# Prompt
Set down, exactly and only, everything from the line containing "Waxelene Multi-Purpose Ointment" down to the line containing "ss-kubb-box-86253-1" in the data below; the pictures are not part of the copy.

Listed entries: Begin

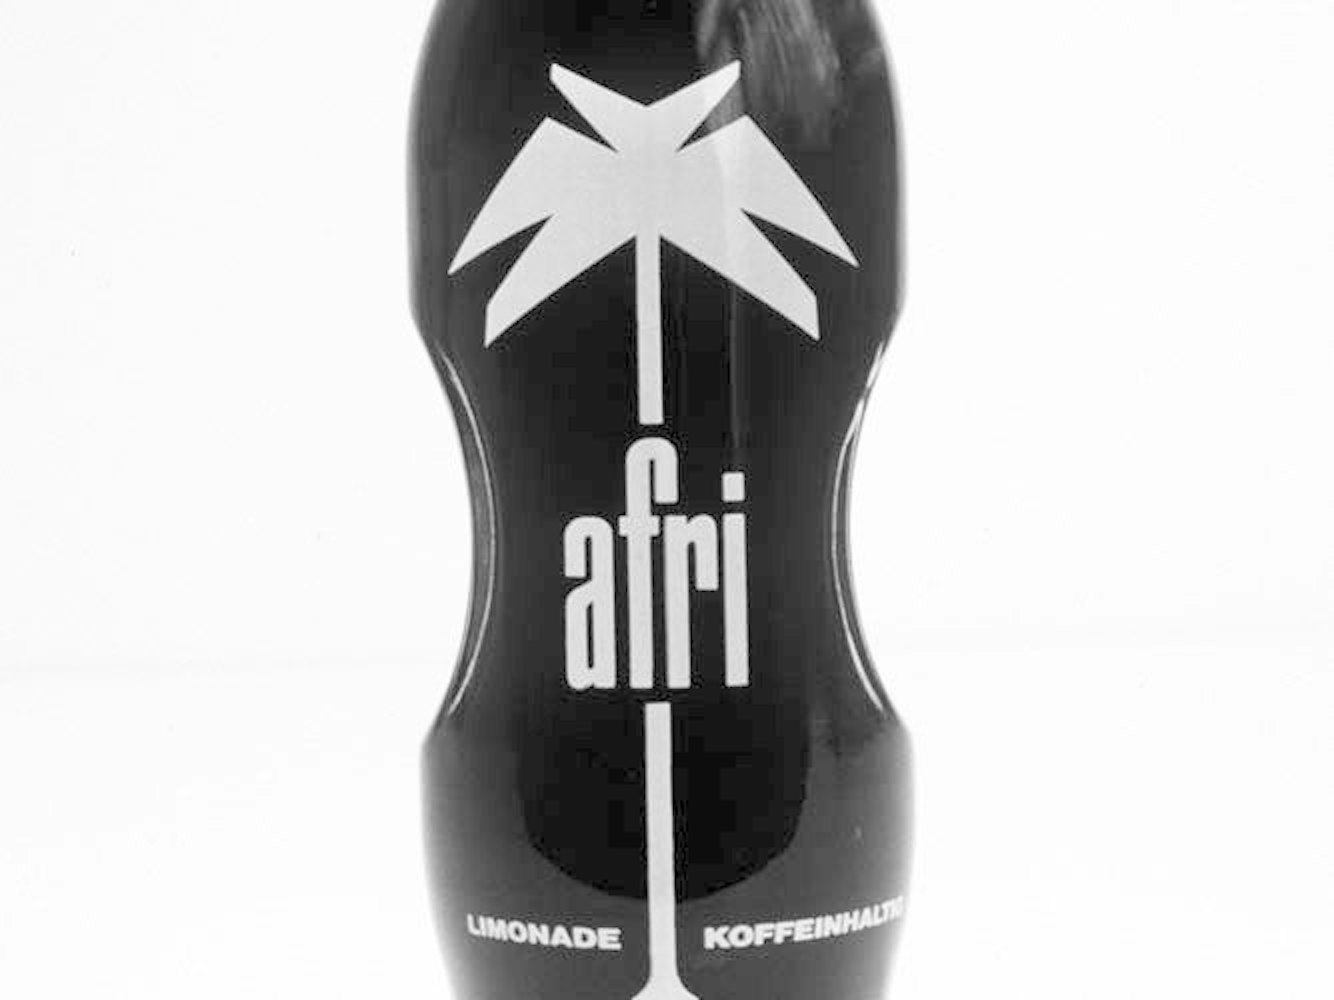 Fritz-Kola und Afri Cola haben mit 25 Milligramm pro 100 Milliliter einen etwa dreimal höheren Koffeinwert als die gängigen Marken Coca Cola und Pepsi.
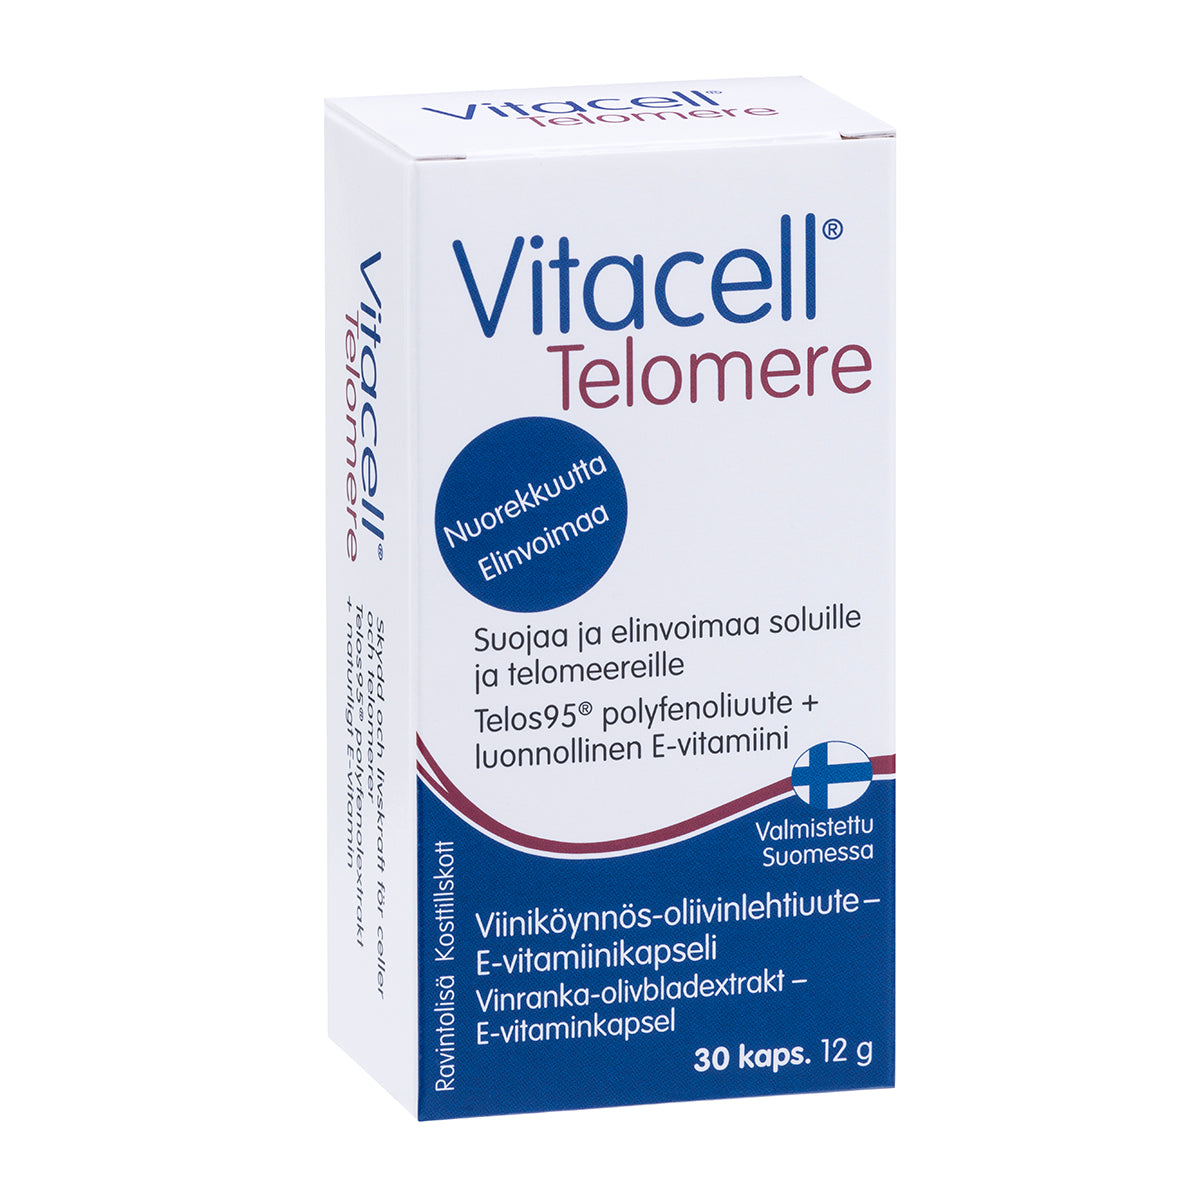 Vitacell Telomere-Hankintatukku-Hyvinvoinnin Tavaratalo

Listed entries: End
Listed entries: Begin

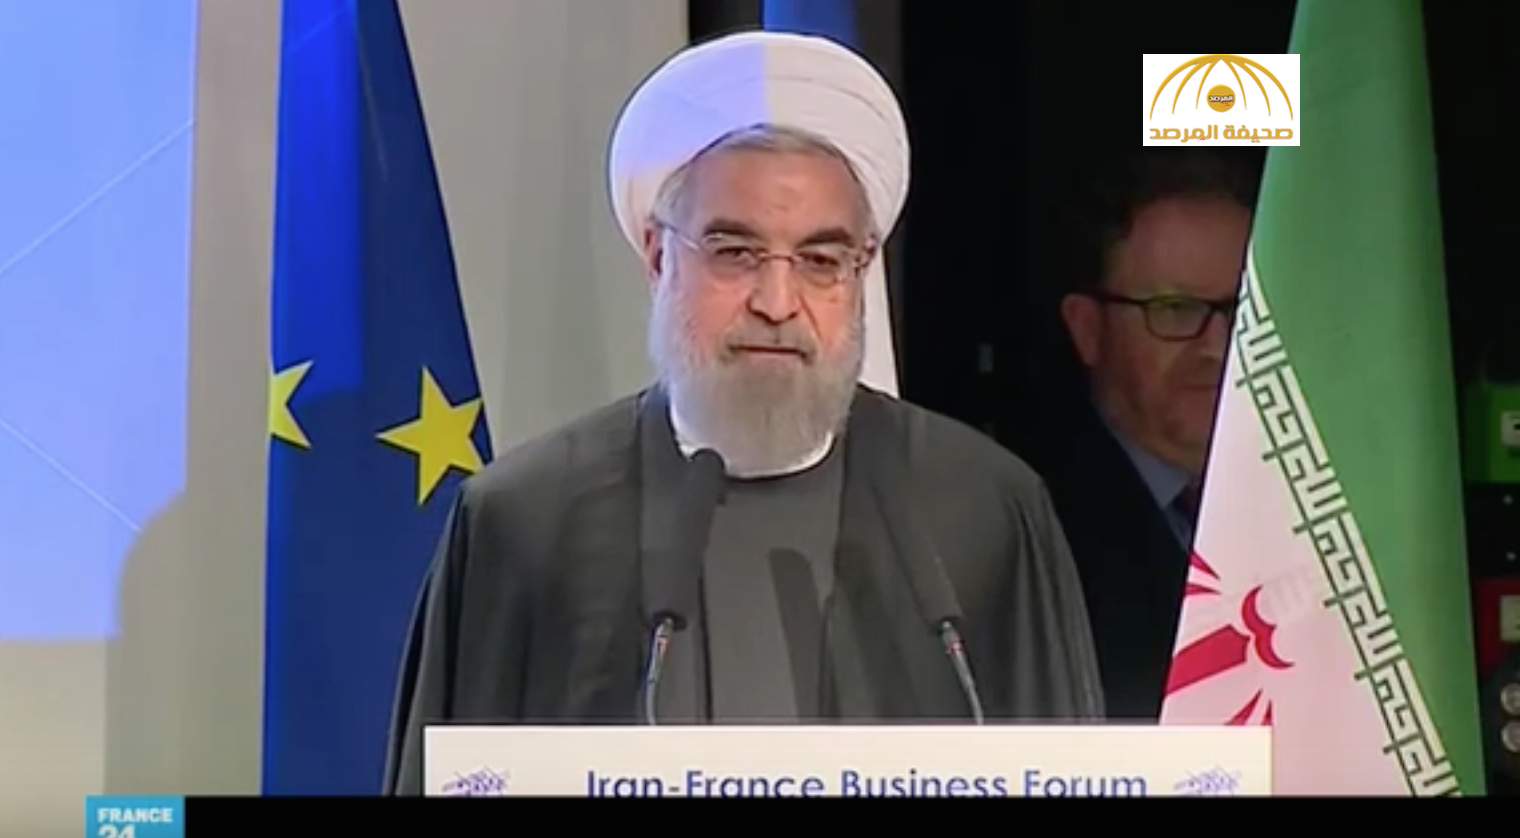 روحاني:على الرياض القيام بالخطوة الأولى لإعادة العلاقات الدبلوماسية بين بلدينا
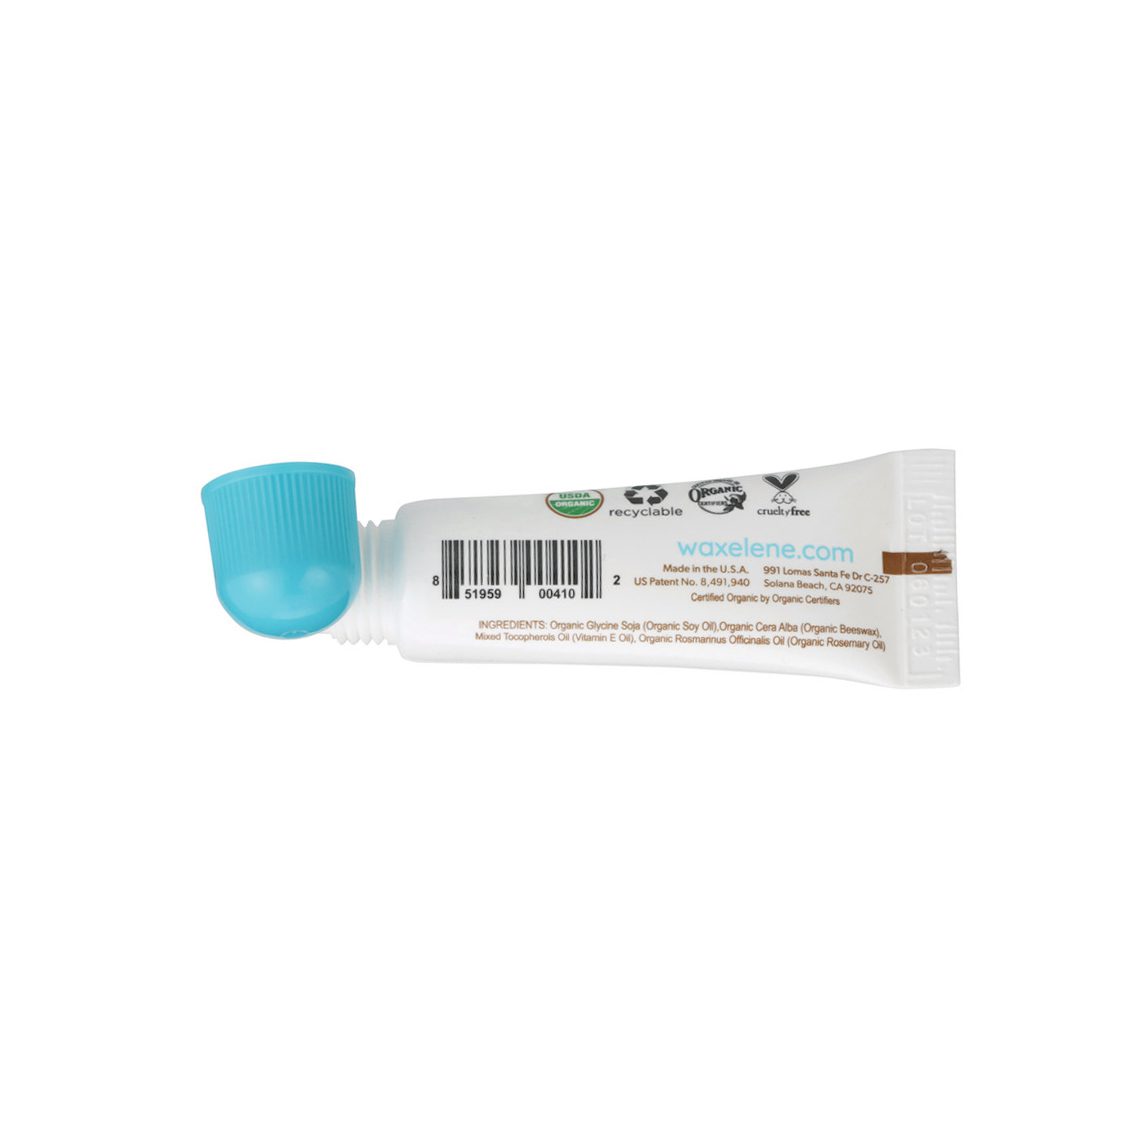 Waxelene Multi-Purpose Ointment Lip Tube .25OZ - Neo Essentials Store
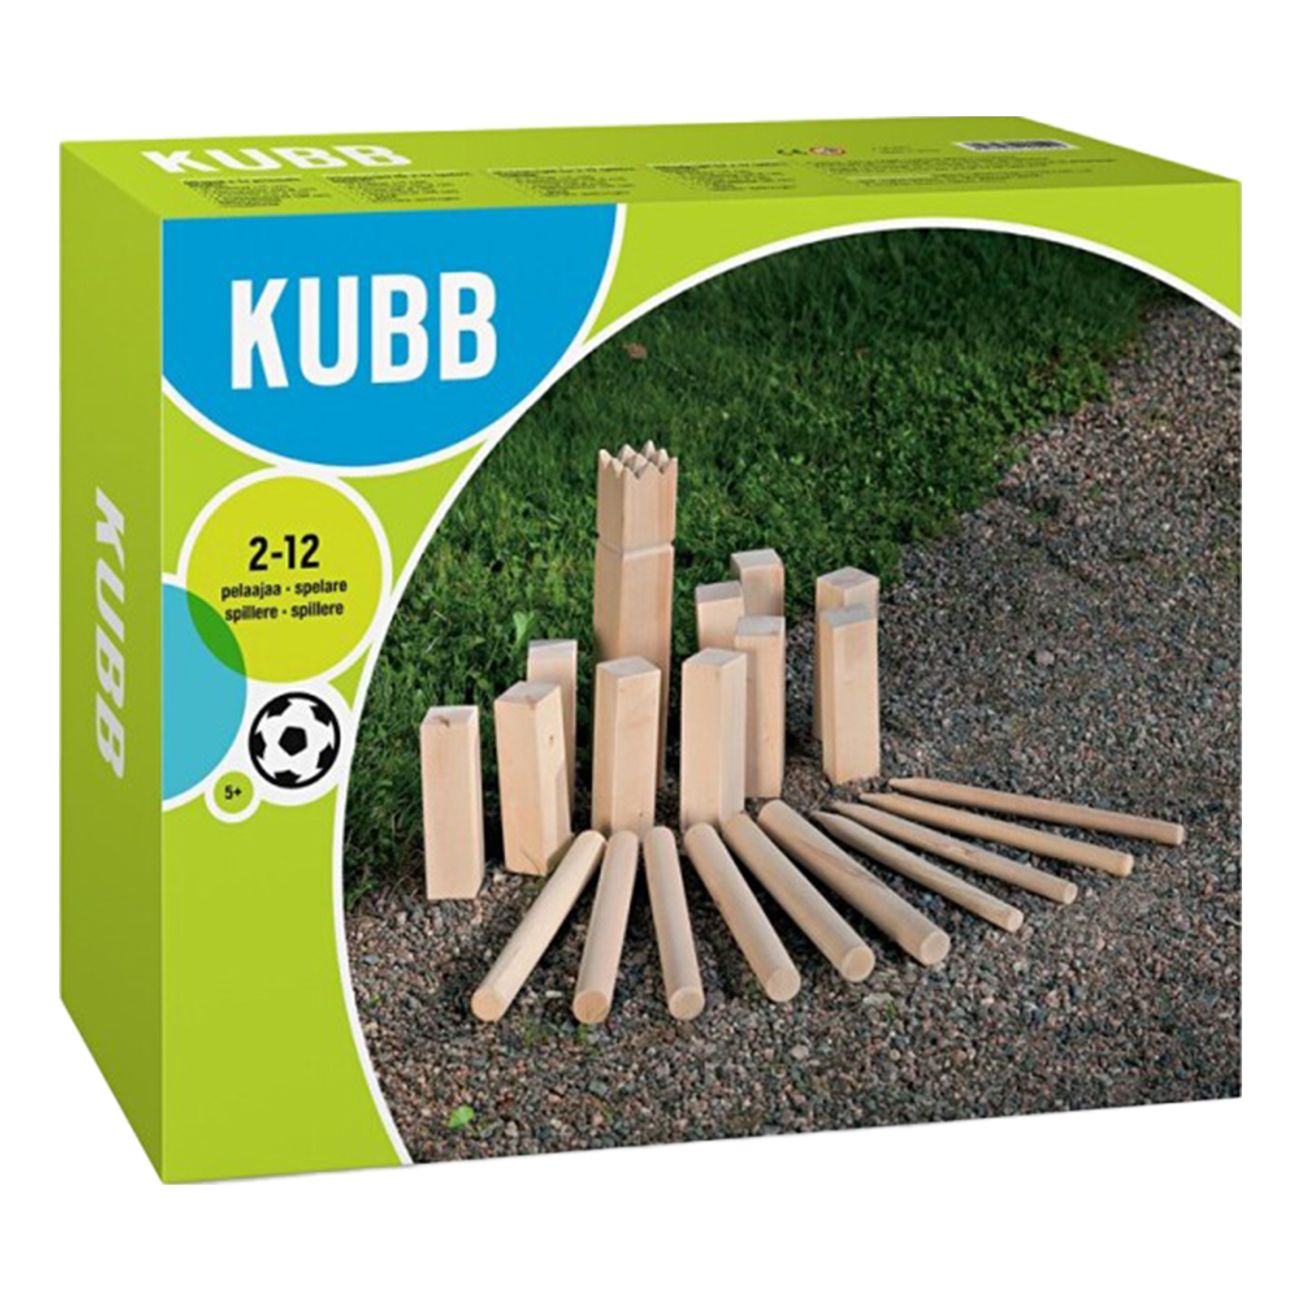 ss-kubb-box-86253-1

Listed entries: End

# Result of this exercise
 Waxelene Multi-Purpose Ointment Lip Tube .25OZ - Neo Essentials Store
 ss-kubb-box-86253-1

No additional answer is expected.